WASHINGTON — Elon Musk’s cost-cutting effort announced a variety of cuts at the Education Department totaling over $900 million, apparently aimed at hobbling the department’s research arm, the Institute of Education Sciences.
The team Musk has assembled, which has operated in relative secrecy in shuttering other agencies such as the U.S. Agency for International Development and slashing government programs, said on social media Monday that the Education Department had “terminated” 89 contracts, as well as 29 grants associated with diversity and equity training.
Most, if not all, of the contract cuts hit the Institute of Education Sciences’ portfolio, including Education Innovation and Research grants and review projects associated with the What Works Clearinghouse, which produces and curates research on best practices in education, according to three people familiar with the department’s contracting.
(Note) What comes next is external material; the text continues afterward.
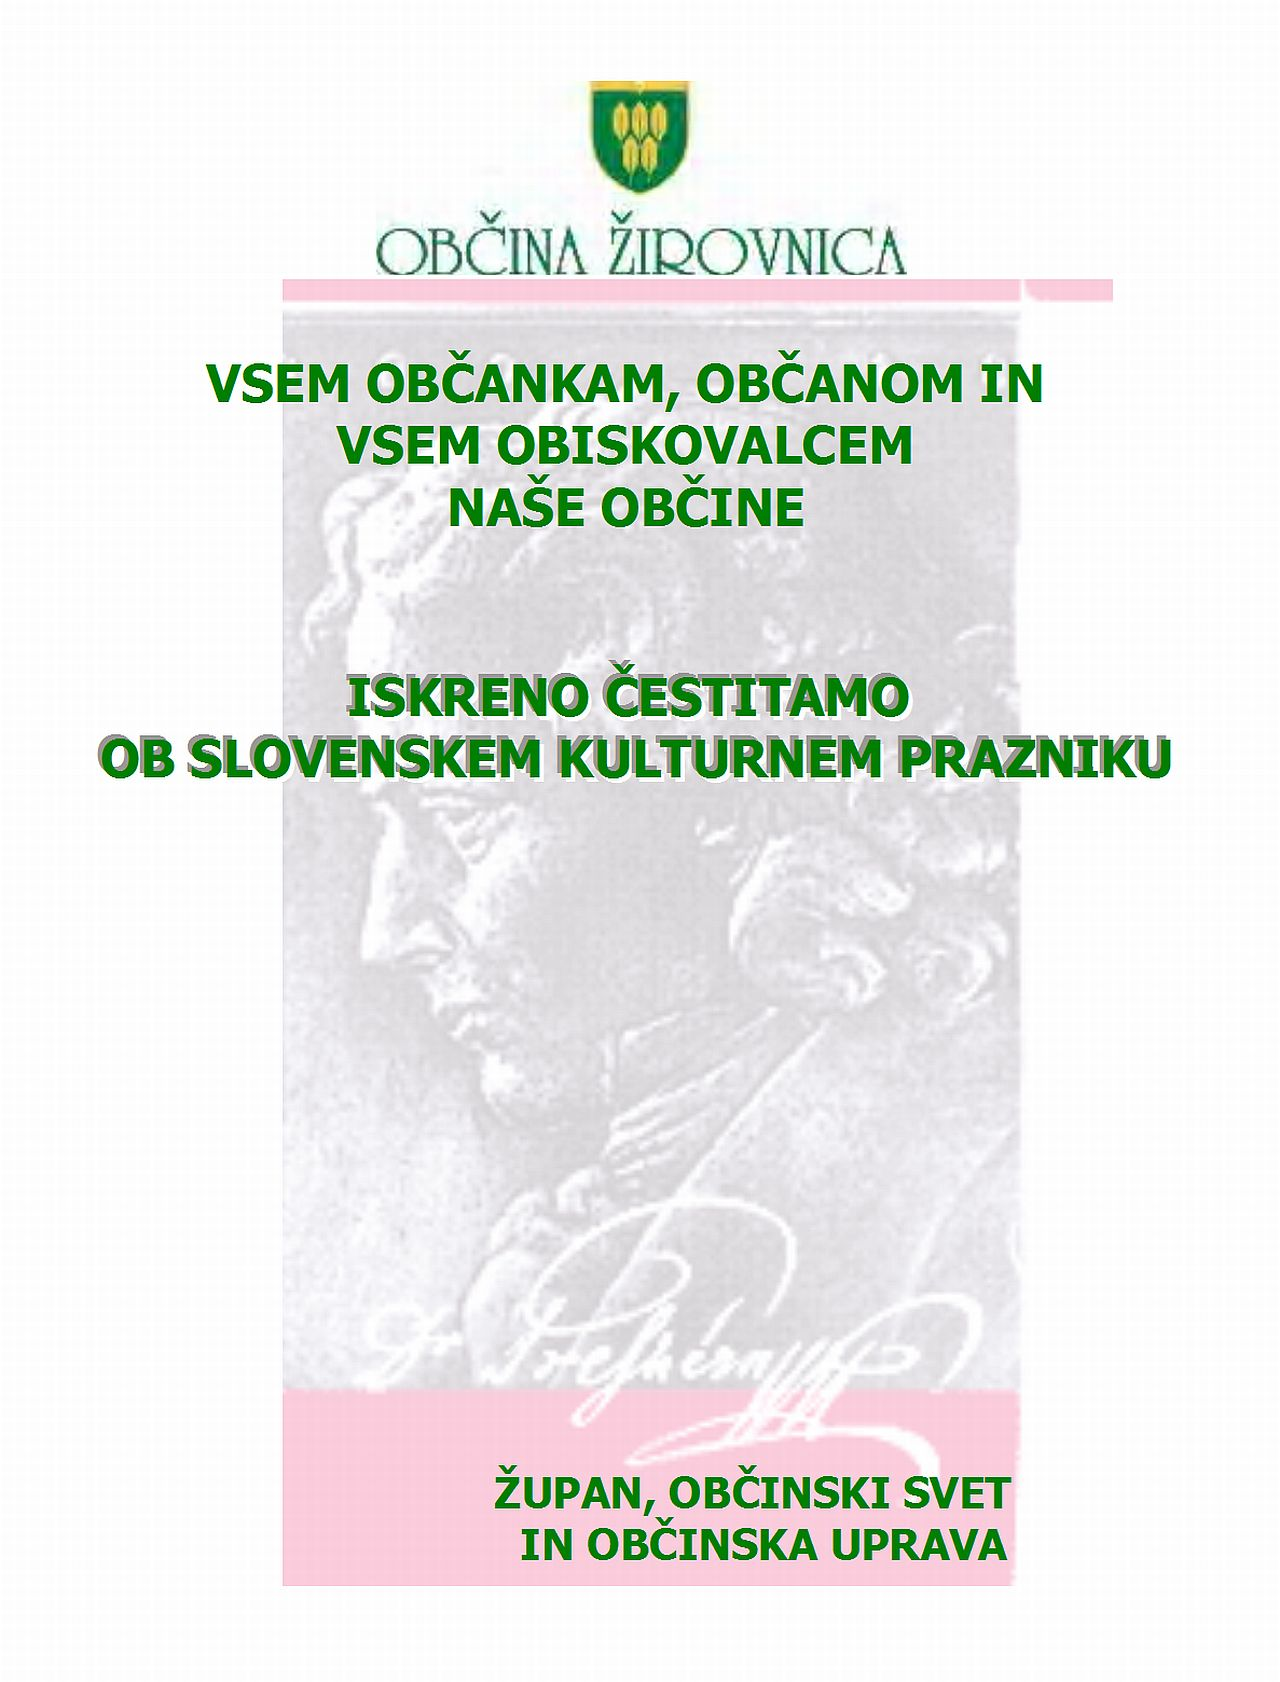 CESTITKA-8 FEBRUAR (2)
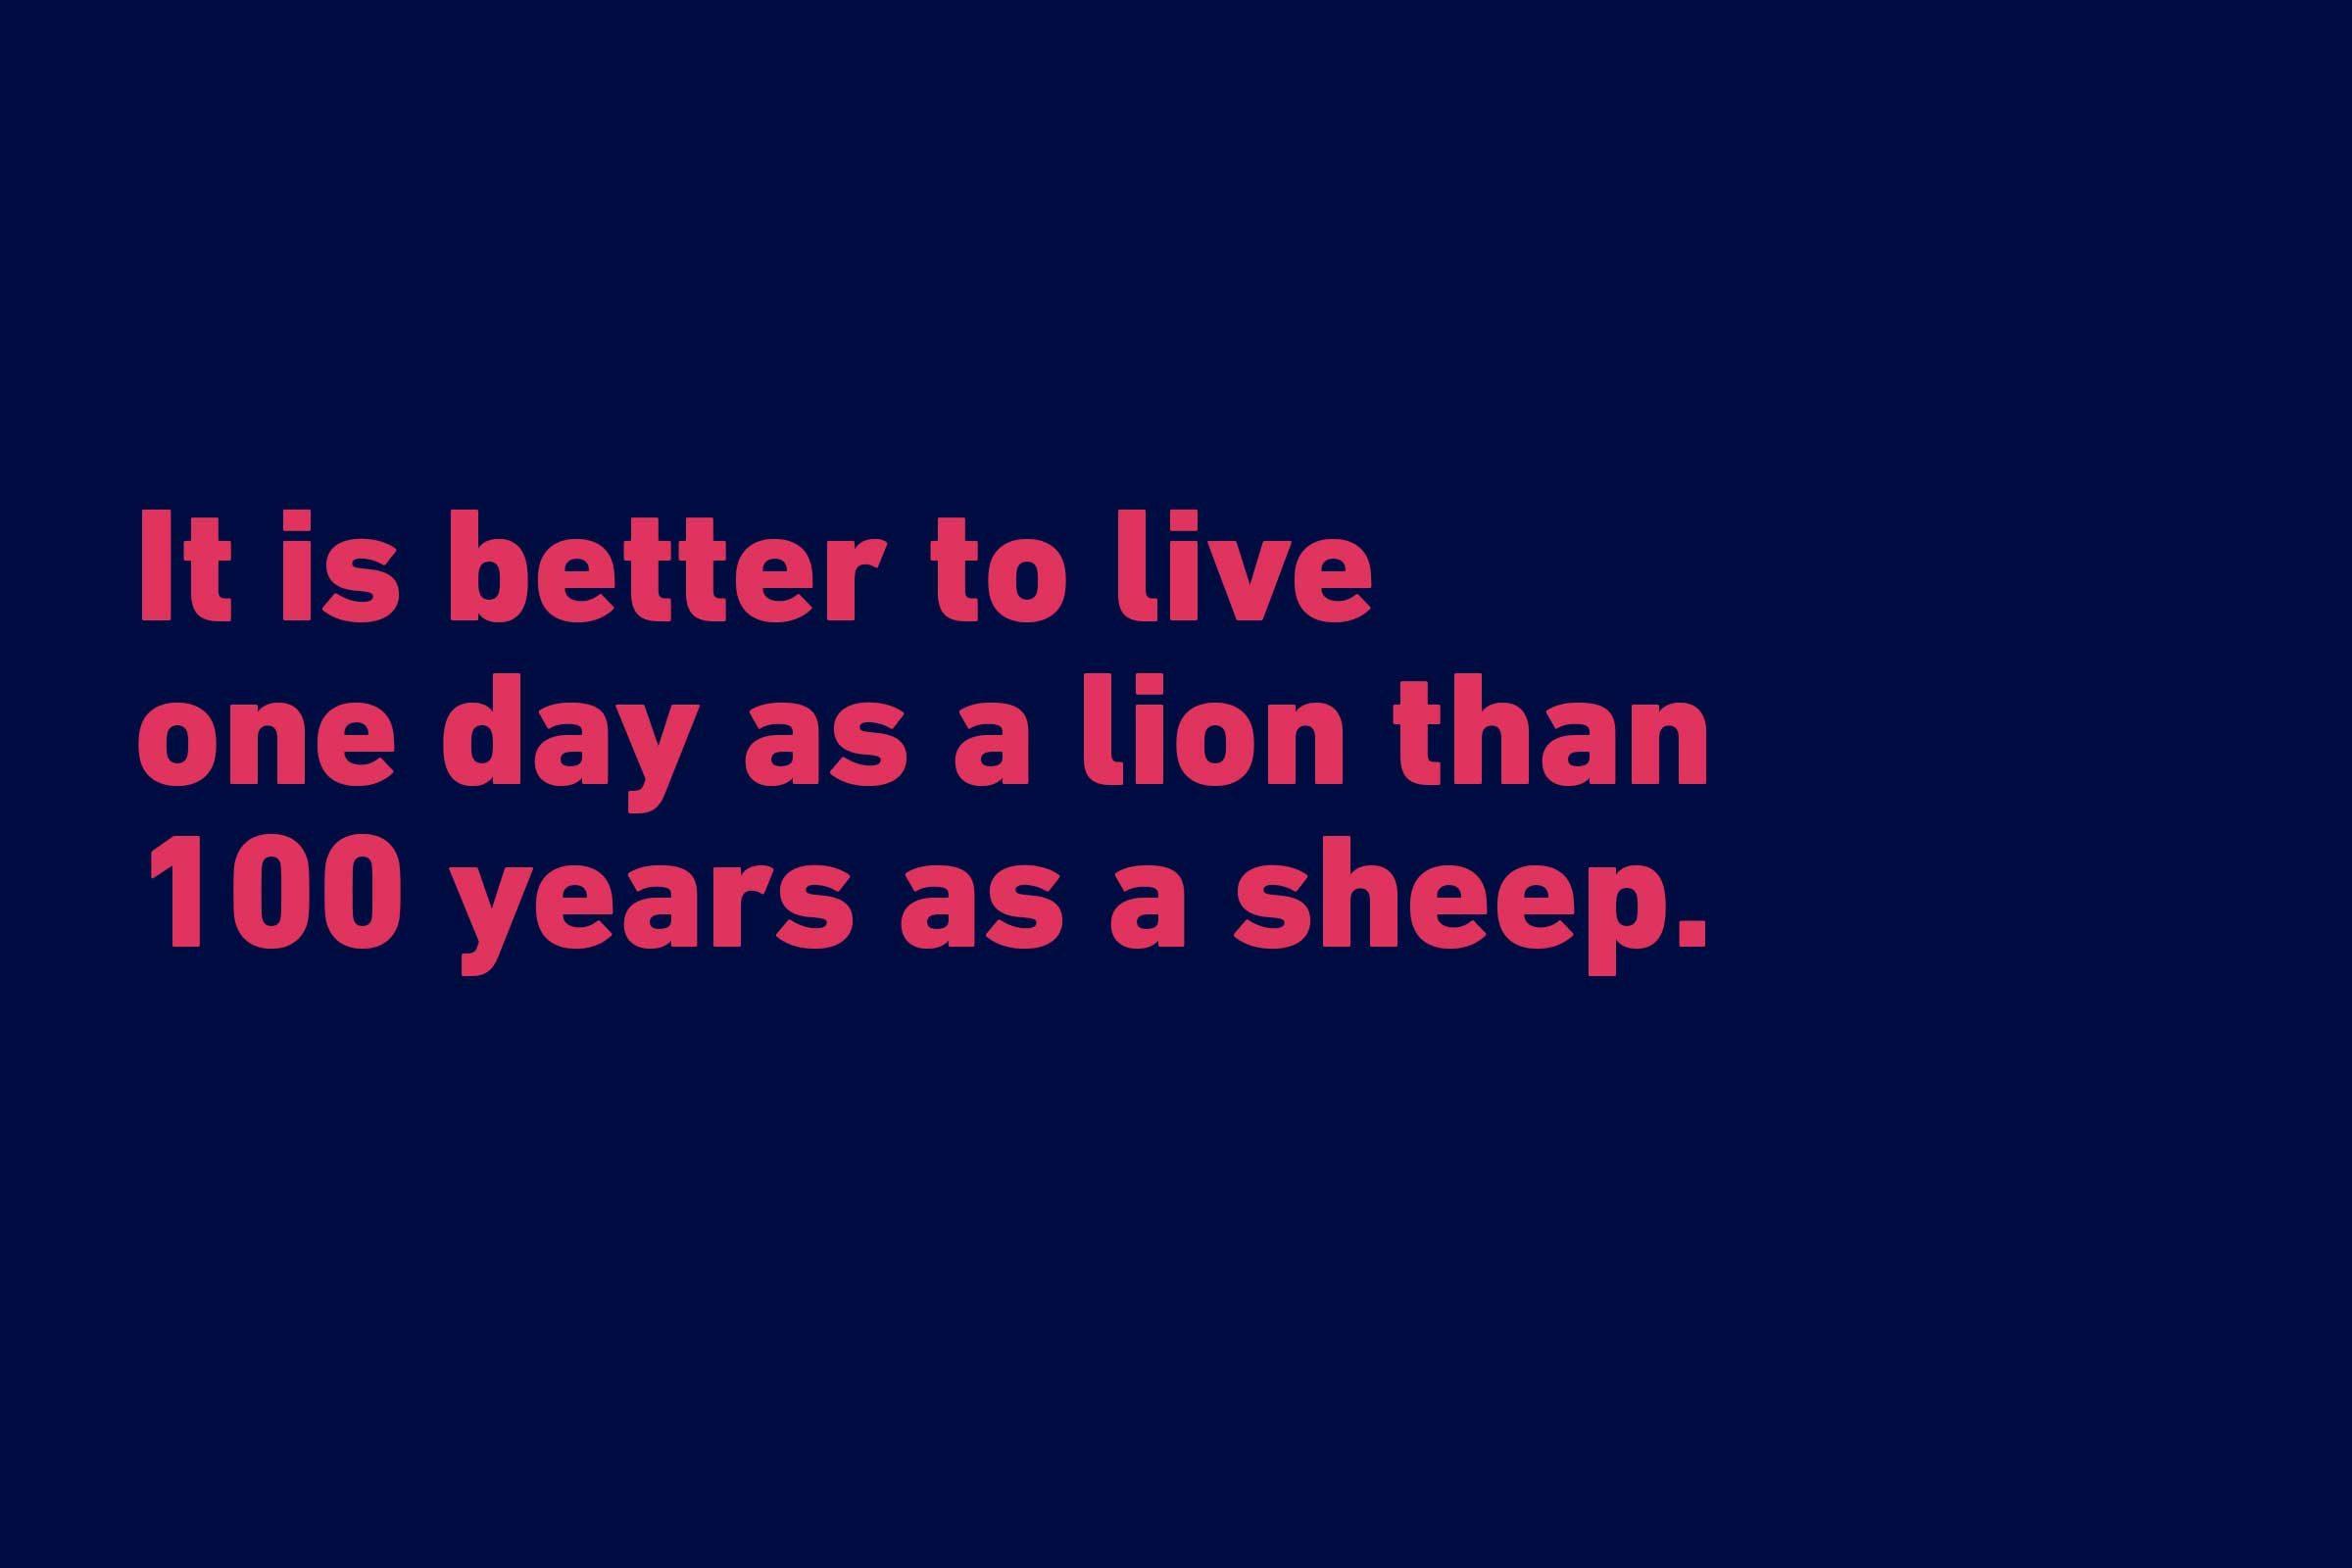 Donald Trump funny quote

Less than two weeks after the release of new federal testing data showing reading achievement at historic lows, the cuts were likely to hit research intended to answer questions about some of the biggest problems in American education since the COVID-19 pandemic, such as absenteeism and student behavioral challenges.
A spokesperson for the Education Department did not elaborate on the programs or grants it gave the order to suspend.
Appearing at a news conference alongside President Donald Trump in the Oval Office on Tuesday, Musk defended his team’s work as radically transparent, even as Education Department staff members and contractors frantically raced to understand the scope of the cuts.
Trump repeated his vows to scrutinize the Education Department but did not address the changes.
Dana Tofig, a spokesperson for the American Institutes for Research, an independent nonprofit that often teams up with the federal government on education data, said the group had received termination notices for several major grants.
AEM Education Services, a vendor that collects data under the Individuals with Disabilities Education Act for the department to analyze, also had its contract suspended, according to a department employee.